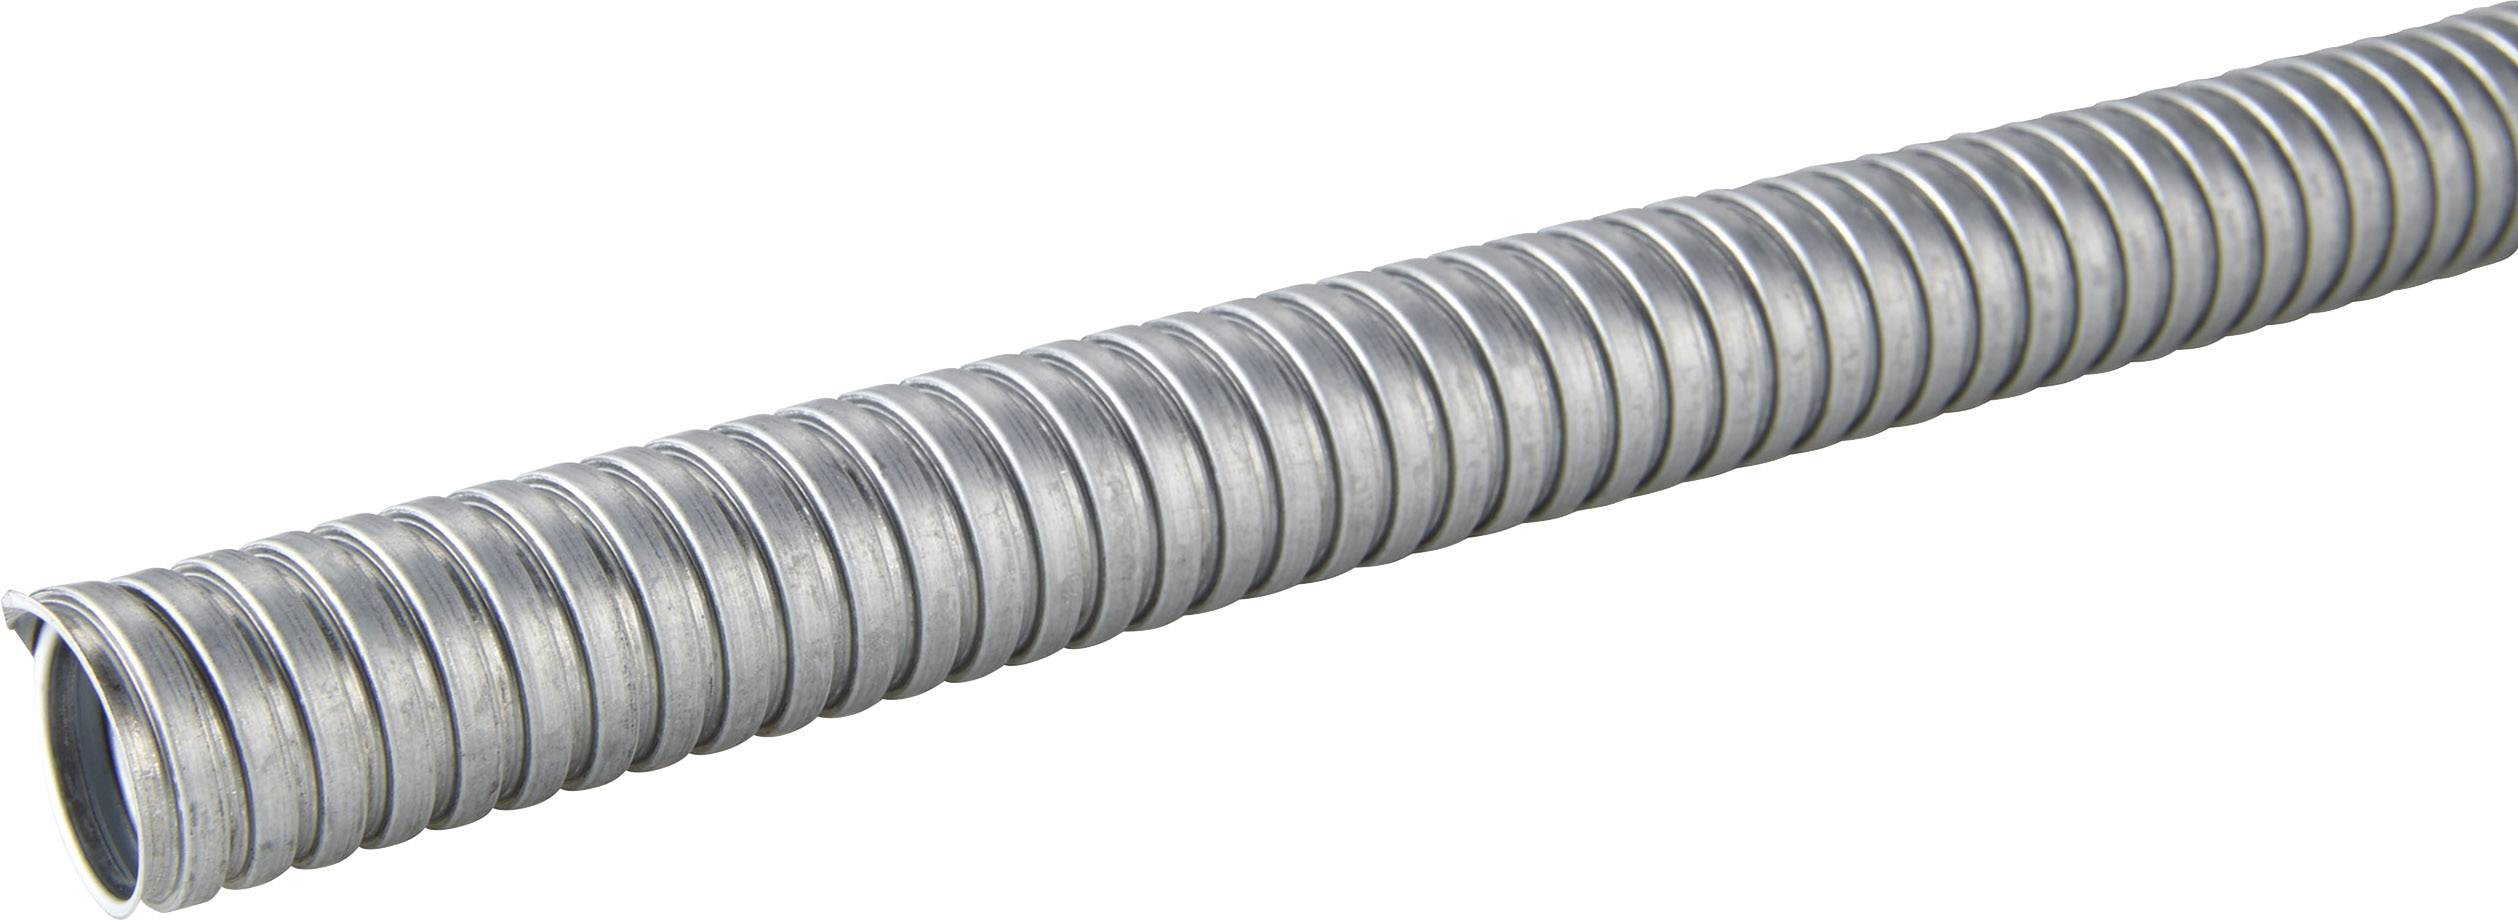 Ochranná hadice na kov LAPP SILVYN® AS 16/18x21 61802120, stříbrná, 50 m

* * *

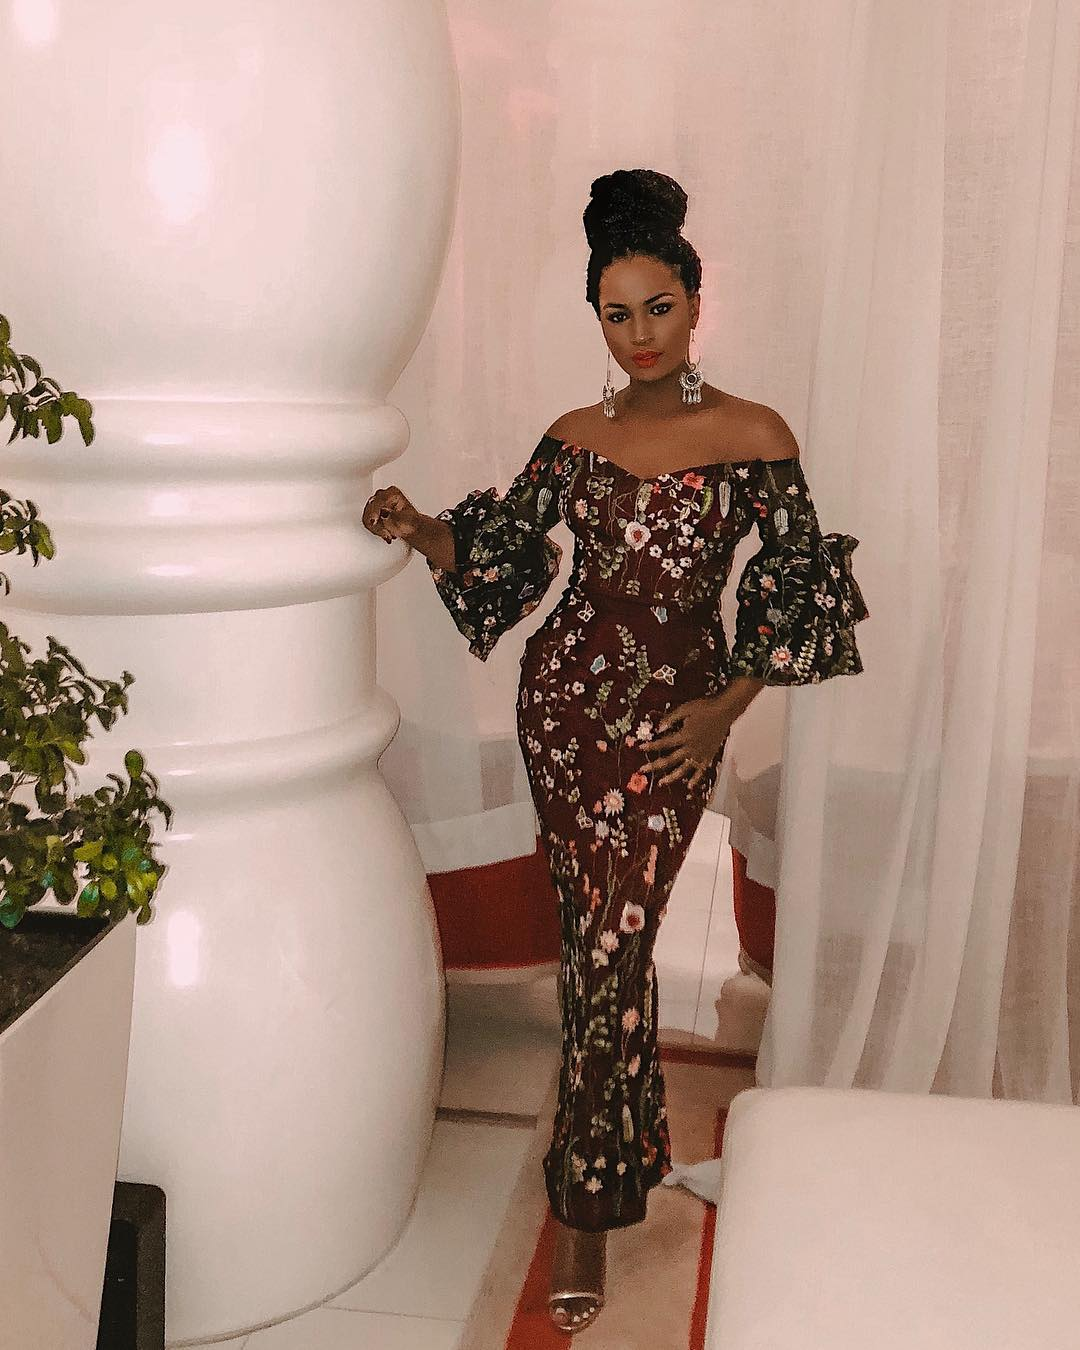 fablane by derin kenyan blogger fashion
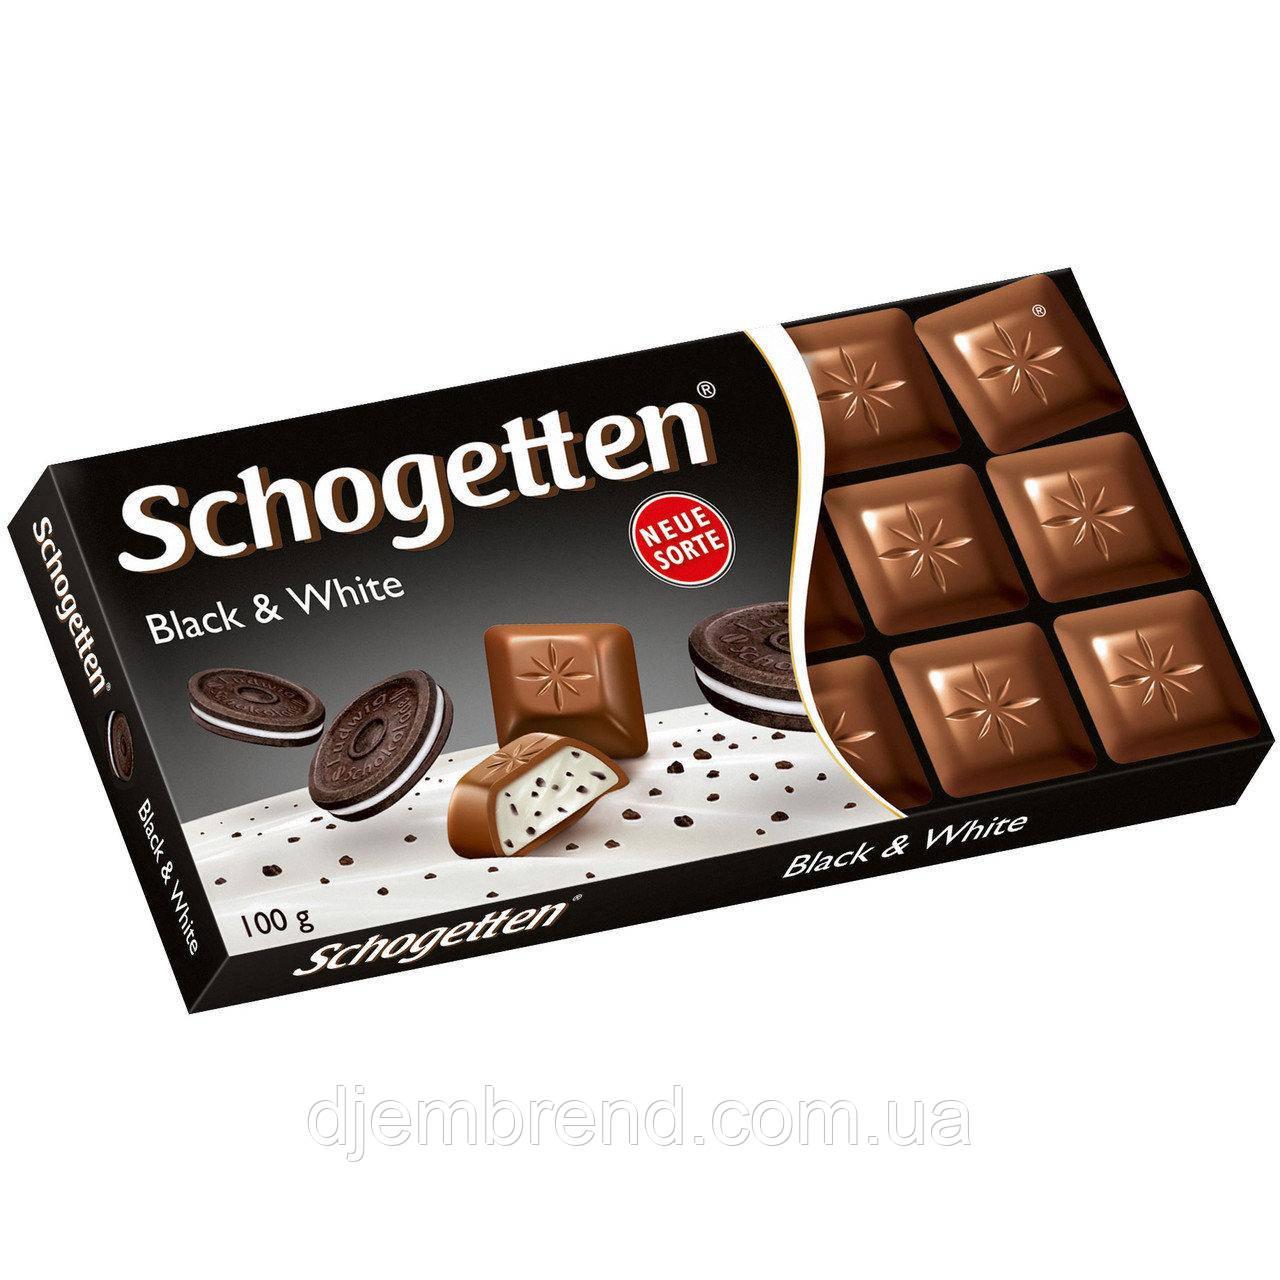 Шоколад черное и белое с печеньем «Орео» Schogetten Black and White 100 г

# Exercise description
Go to the line above holding "fablane by derin kenyan blogger fashion", then copy exactly each line down to and including the one holding "Шоколад черное и", leaving pictures out.

# Task response
 fablane by derin kenyan blogger fashion
 Шоколад черное и белое с печеньем «Орео» Schogetten Black and White 100 г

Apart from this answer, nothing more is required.